Skinner's sacrifice bunt was fielded cleanly by Clete Boyer, but it moved Virdon to third, Groat to second. After Nelson flied out to Maris, with Virdon holding at third, Clemente came to bat with two outs. What happened next is now a part of 1960 World Series lore. Clemente hit a slow chopper toward first. Skowron backhanded it and looked to throw to Coates covering first, but Coates was not there. It is the Series moment that Richardson remembers best. "Routine play!" he says. "Any ball to the right side of the infield, the pitcher covers first."
The inning should have been over, the score still 7-5, Yankees. Instead, Virdon scored from third, making it 7-6. Groat was on third and Clemente on first as catcher Hal Smith walked to the plate. In the stands, Virdon's wife, Shirley, was sitting next to Smith's wife, also named Shirley, when Coates fired a fastball. Smith swung and missed. Coates threw a second heater to the same spot, and Smith launched it on a 420-foot flight over the leftfield wall. All of Forbes went up in a roar. Shirley Smith threw her camera high into the air, and Shirley Virdon reached out to catch it.
Smith was rounding second before it dawned on him what he had done. "I looked over, and people were dancing on the dugout," he recalls. "They were dancing in the stands and screaming and hugging and jumping up and down all over the ballpark. I remember thinking, Boy, this is something!"
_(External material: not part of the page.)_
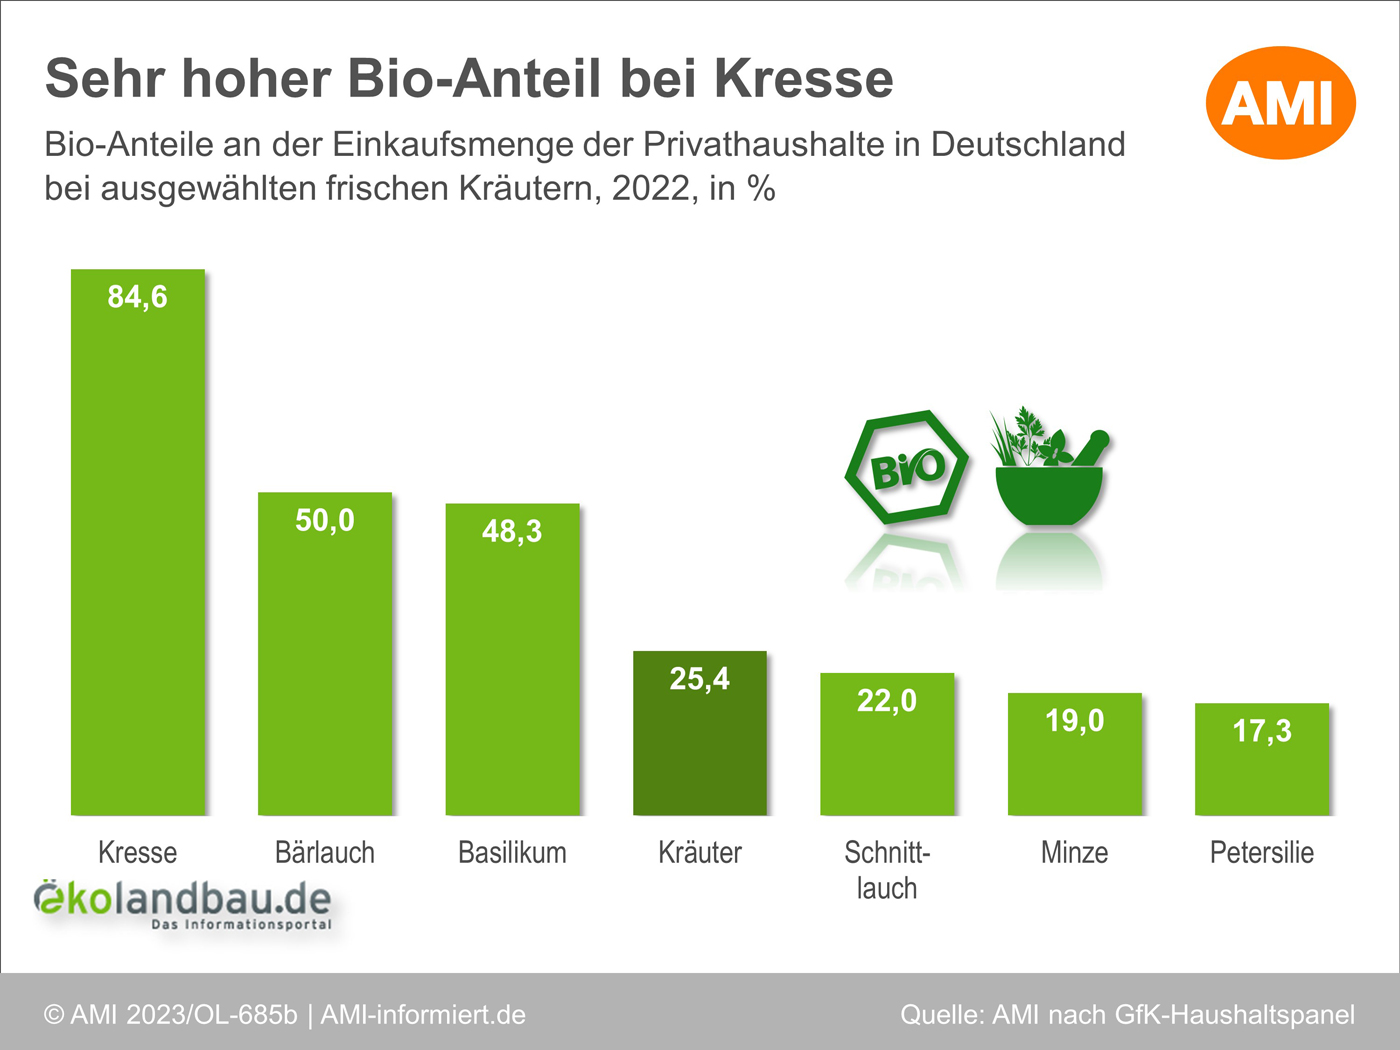 Bio-Anteile an den Kräuterkäufen der Privathaushalte in Deutschland im Jahr 2022. Klick führt zu Großansicht in neuem Fenster.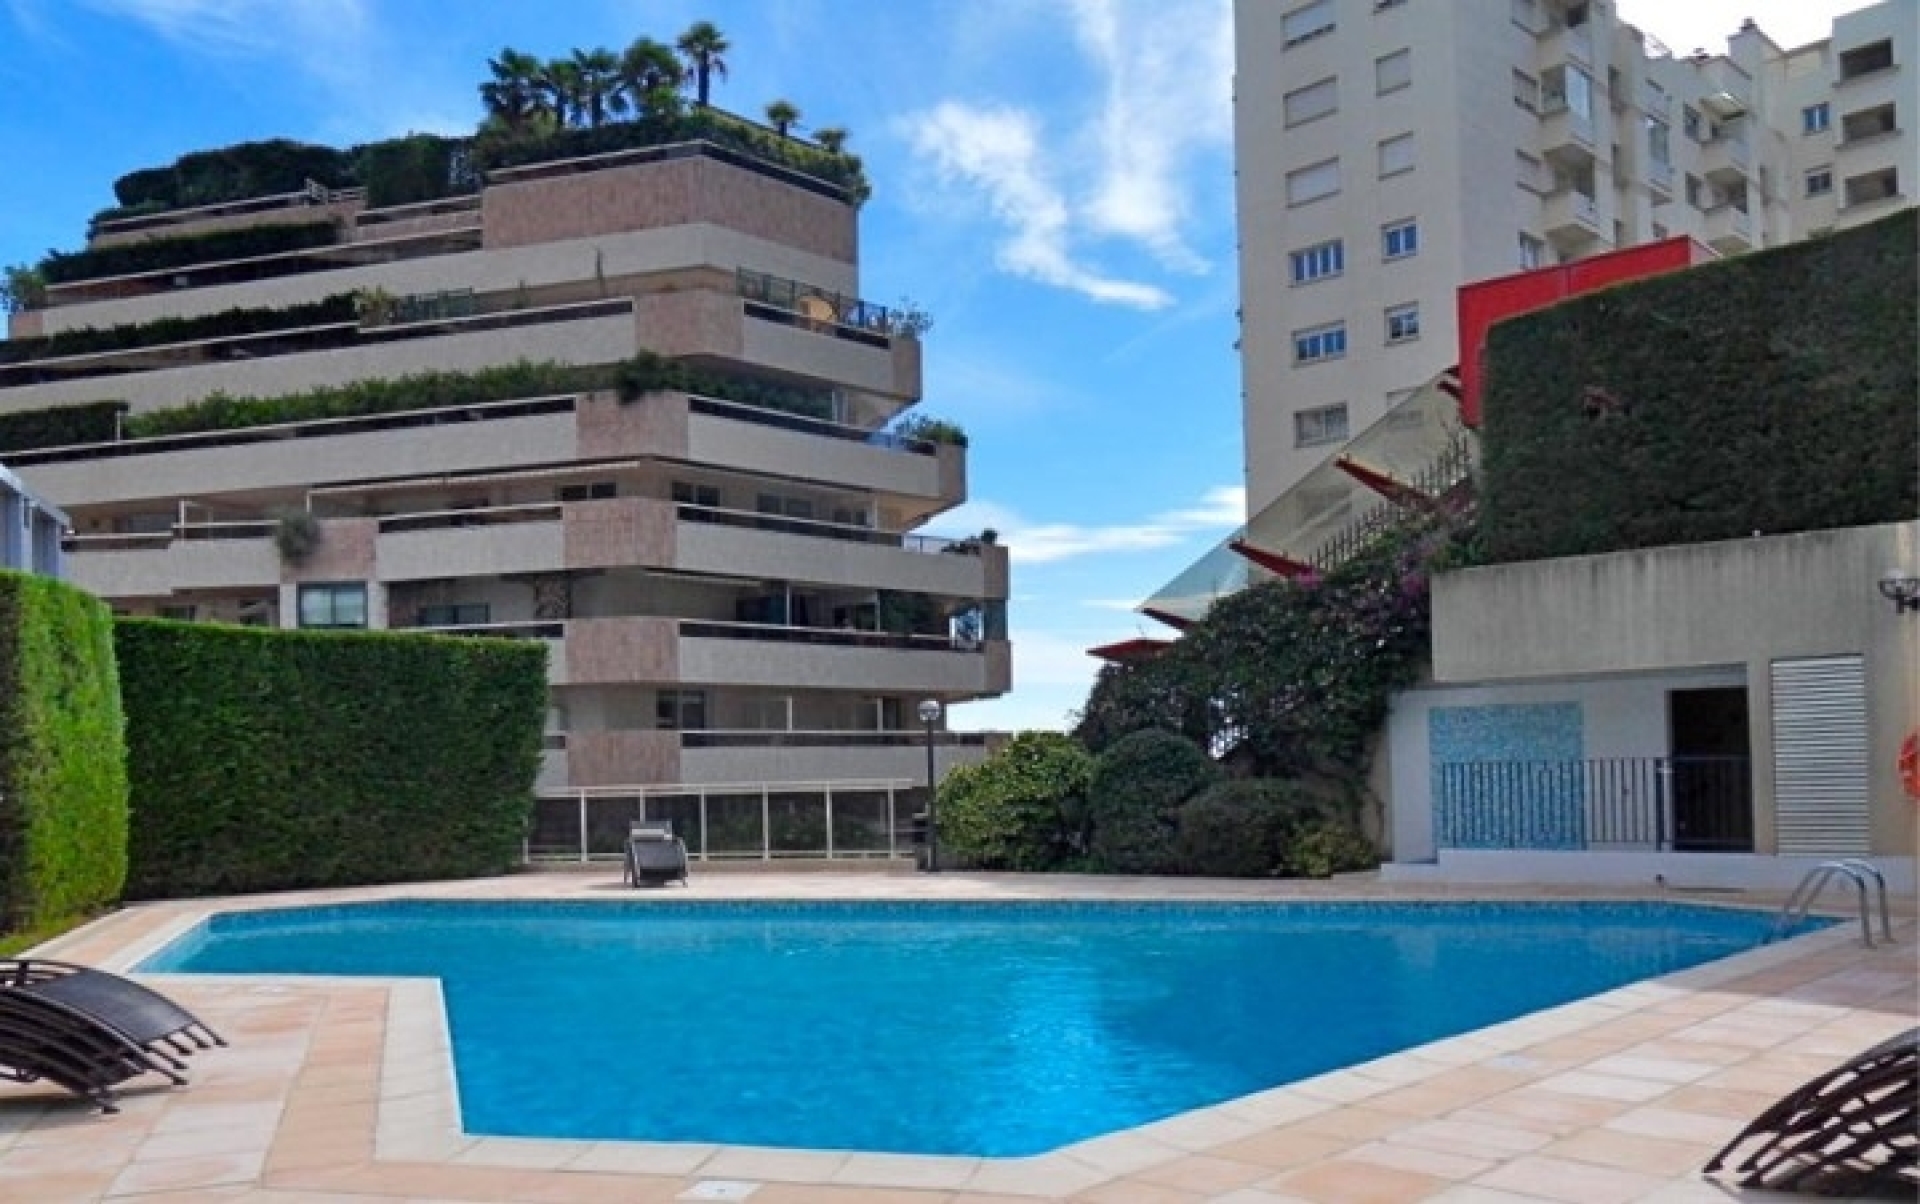 Dotta Appartement de 5 pieces a vendre - PATIO PALACE - Jardin Exotique - Monaco - imgpiscine

Groat and Clemente met Smith at the plate, and both yelled to him above the din, "You won the game! You won the game!"
Pittsburgh's euphoria disappeared, of course, when New York roared back in the ninth to tie the score. As the Pirates sat in the dugout, waiting for Maz to hit, a saddened Smith said to Skinner, "Bob, I guess I wasn't destined to be a hero."
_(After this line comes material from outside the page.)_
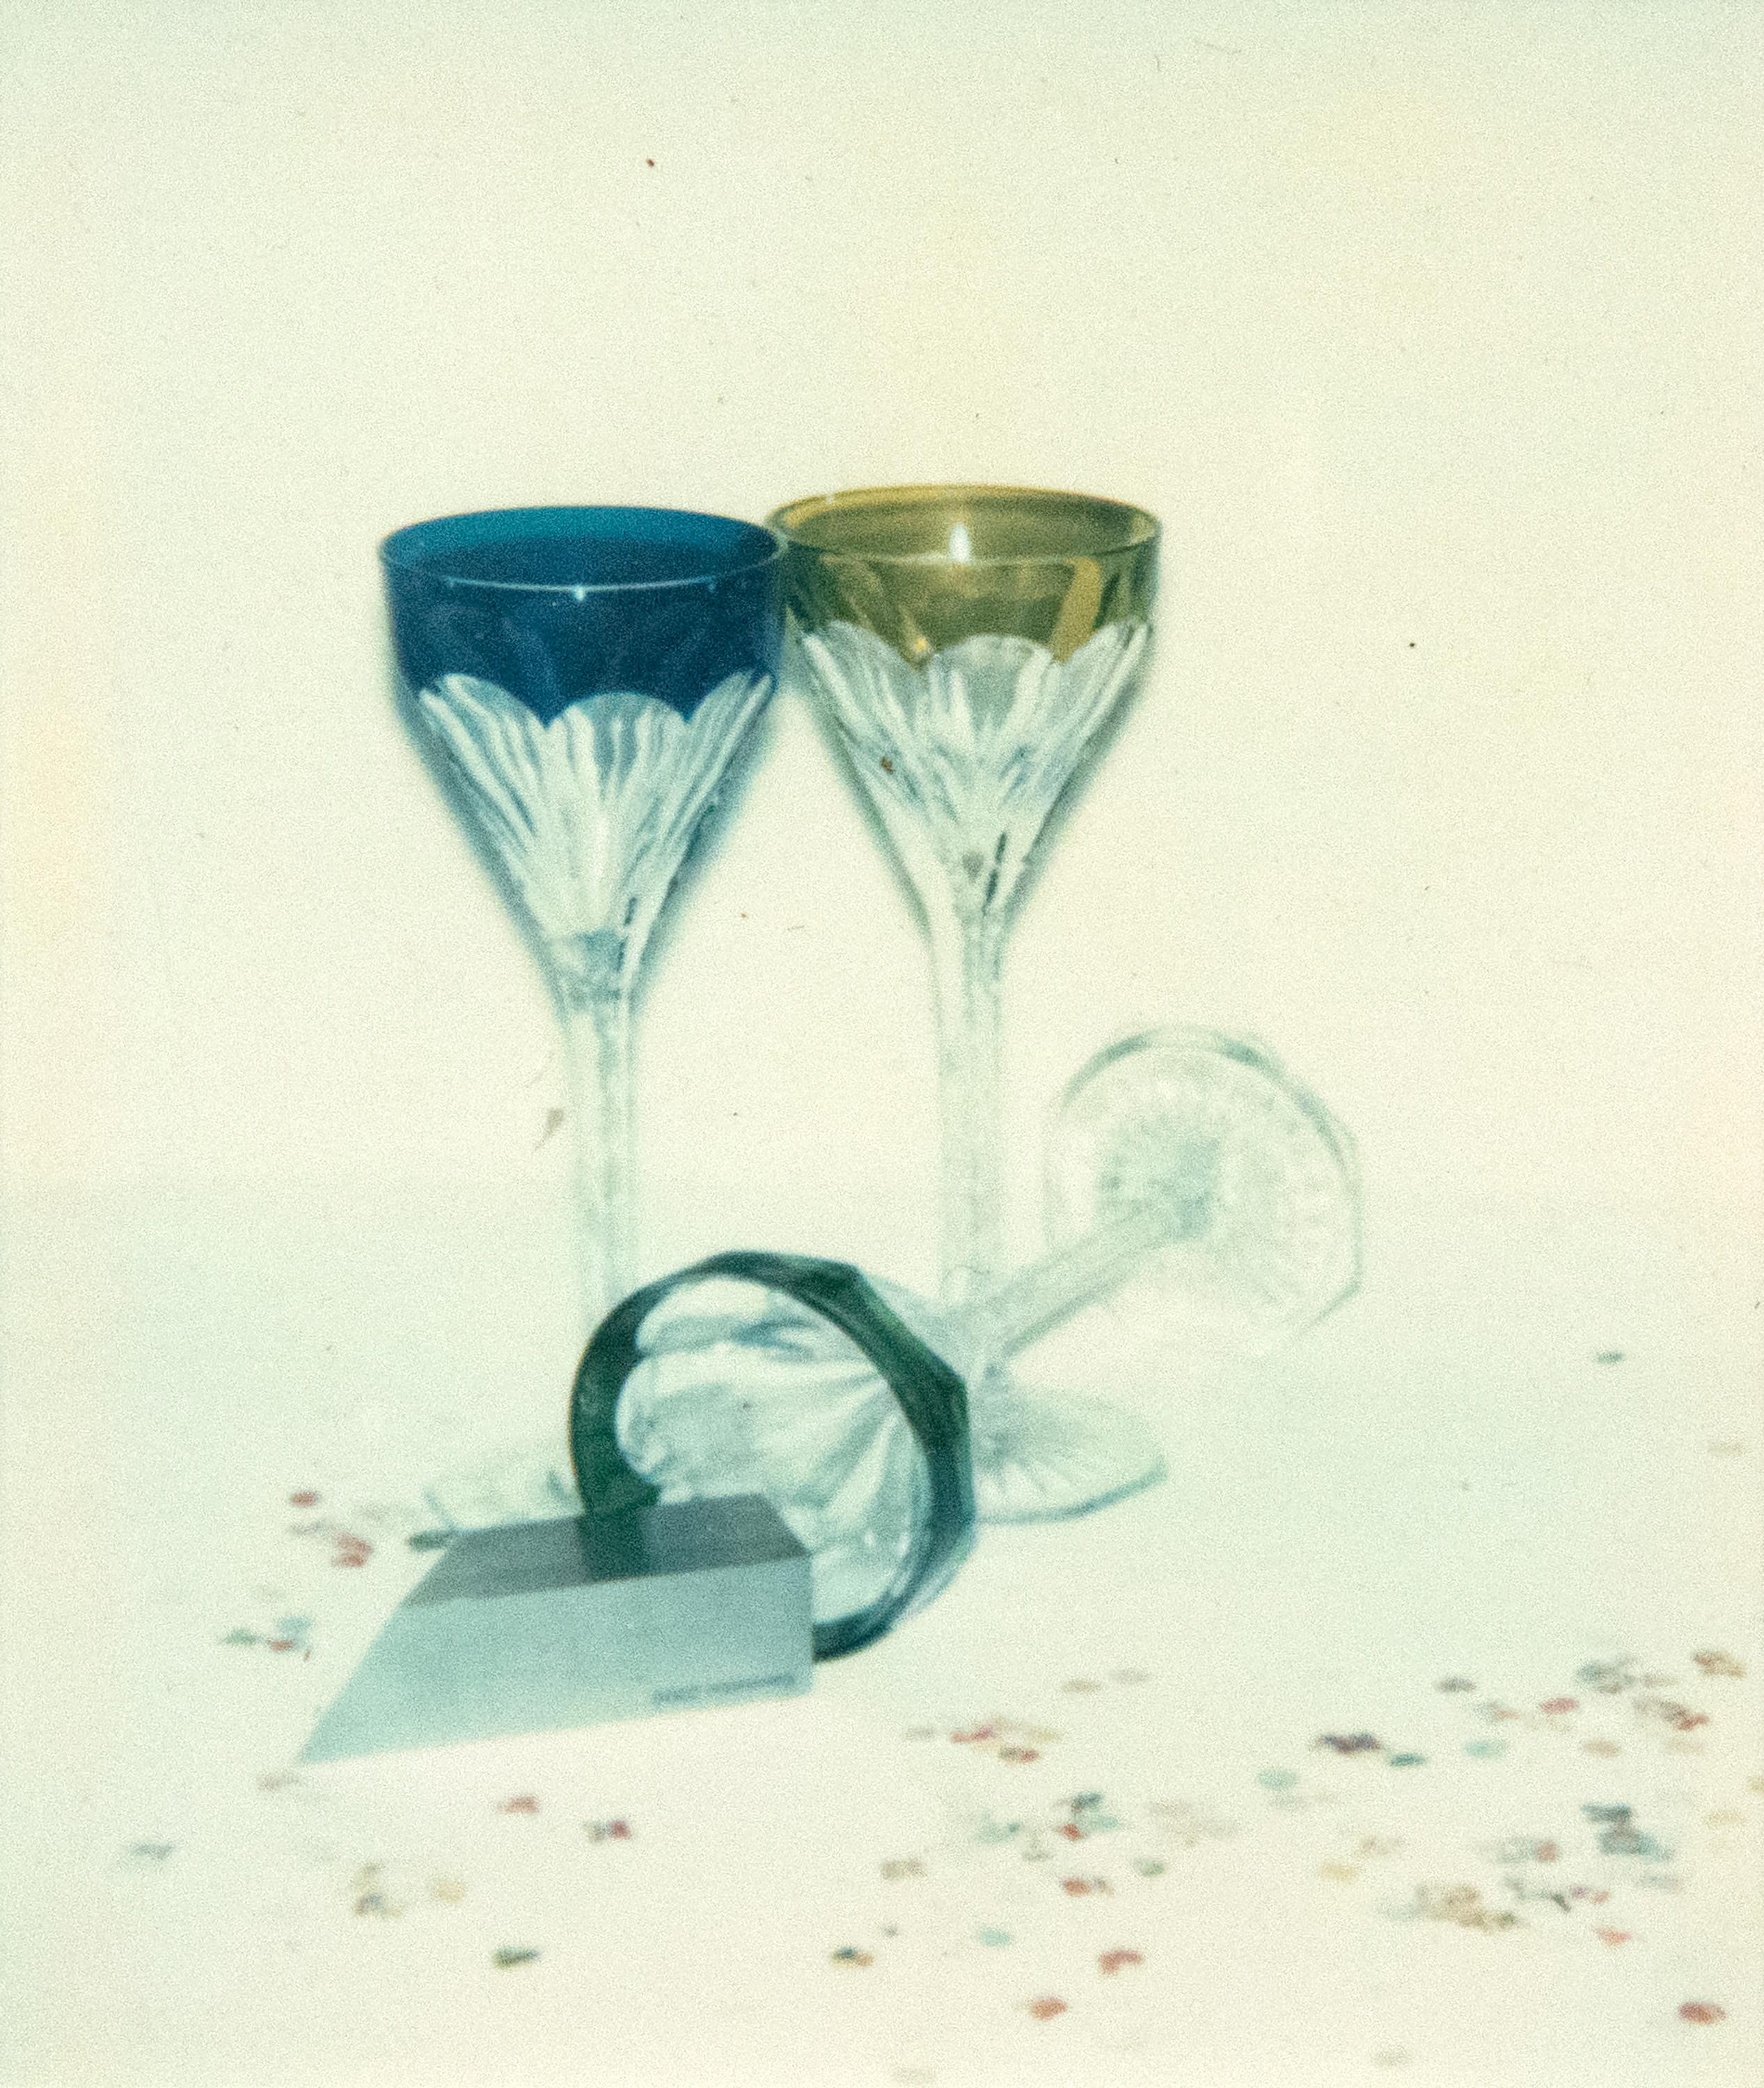 Committee 2000 Champagnergläser – Photograph von Andy Warhol

Forty years have come and gone since Mazeroski hit the Home Run, and it has remained a part of Pittsburgh's mythology, as big and vivid now as when it happened. Il left its imprint on many lives. Stengel did not survive it as Yankees skipper. Many sportswriters speculated during the Series that the 70-year-old Stengel would retire after the last game, but he wanted to stay after suffering the bitterest loss of his career. At his final press conference, five days later, he said, "They have paid me off in full and told me my services are not desired any longer by this club."
Ralph Houk took his place and led the Yankees to two world titles, in '61 and '62. Seeing Mazeroski years later, Houk kidded him, "If it weren't for you, I might not have got that job."
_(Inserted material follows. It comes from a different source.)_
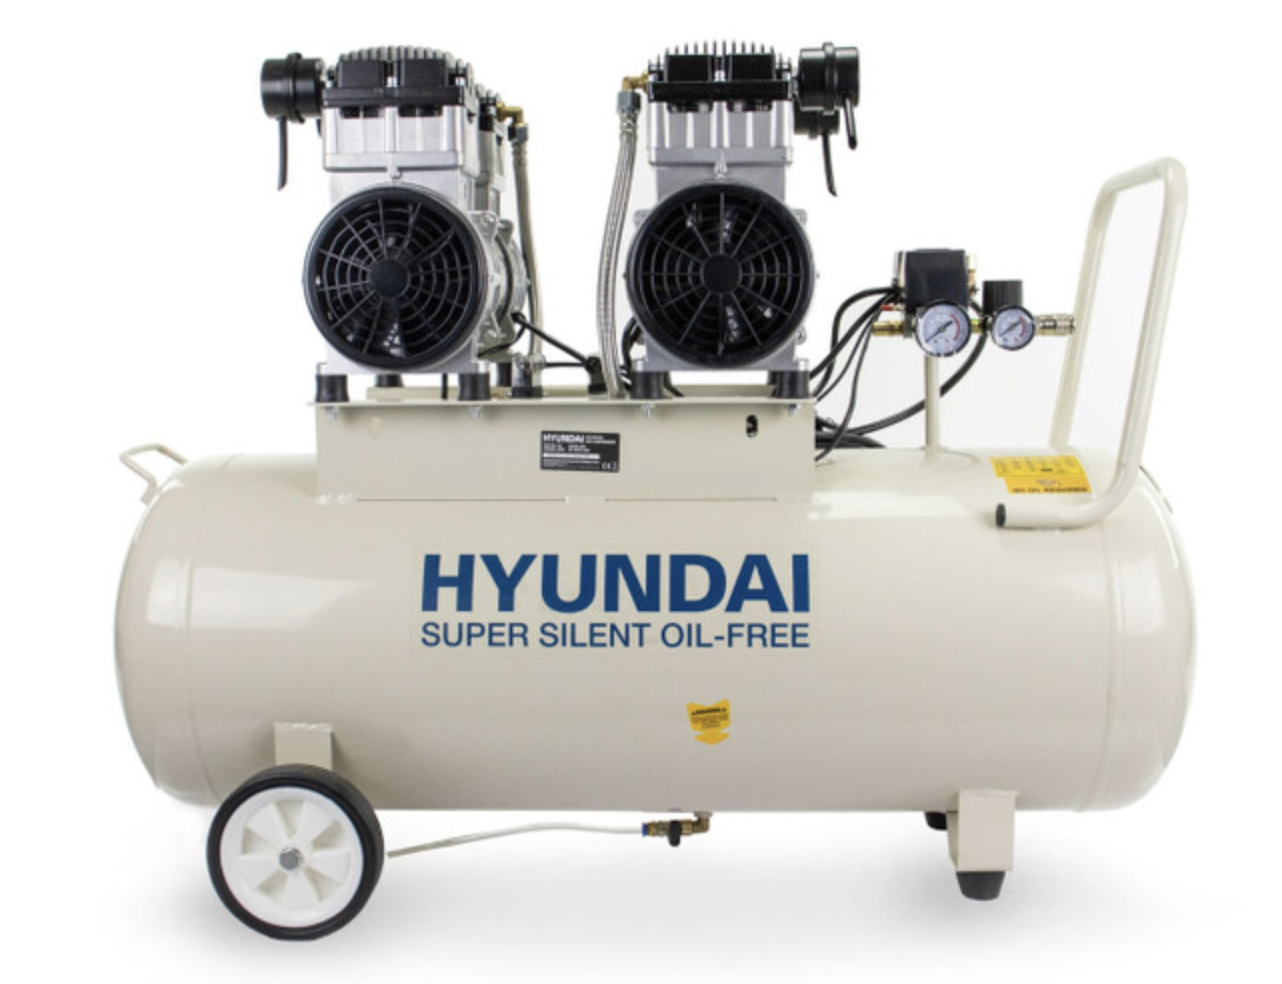 Hyundai 100 Litre Silenced Air Compressor 3000W Electric Oil-free 4hp

Some of Maz's former teammates think that, in a perverse way, the Home Run has prevented him from gaining induction into the Hall of Fame. "That's all people remember about him," says Groat.
There is considerably more to remember about Mazeroski as a player. Bill James, the guru of baseball statistics, has developed a numerical system for judging fielders, and his conclusion is unequivocal: "I have no doubt that Mazeroski is the premier defensive second baseman in the history of baseball, and I would list him among the five best defensive players of all time." James puts him in the company of Ozzie Smith, Honus Wagner and Johnny Bench. Mazeroski was a .260 lifetime hitter, but he had 2,016 hits over 17 seasons, and no doubt he prevented more runs with his glove than most major leaguers have scored. Like many of his teammates and many fans who saw him play, Mazeroski hopes the Veterans Committee will vote him into the Hall.
Mazeroski is sitting in the living room of his house in Panama City, Fla., which he shares with his wife, Milene, whom he met through Murtaugh and married in 1958. The old second baseman spends his days fishing for striped bass and playing golf. A shy, humble man, protective of his privacy, he is not one for indulging in nostalgia.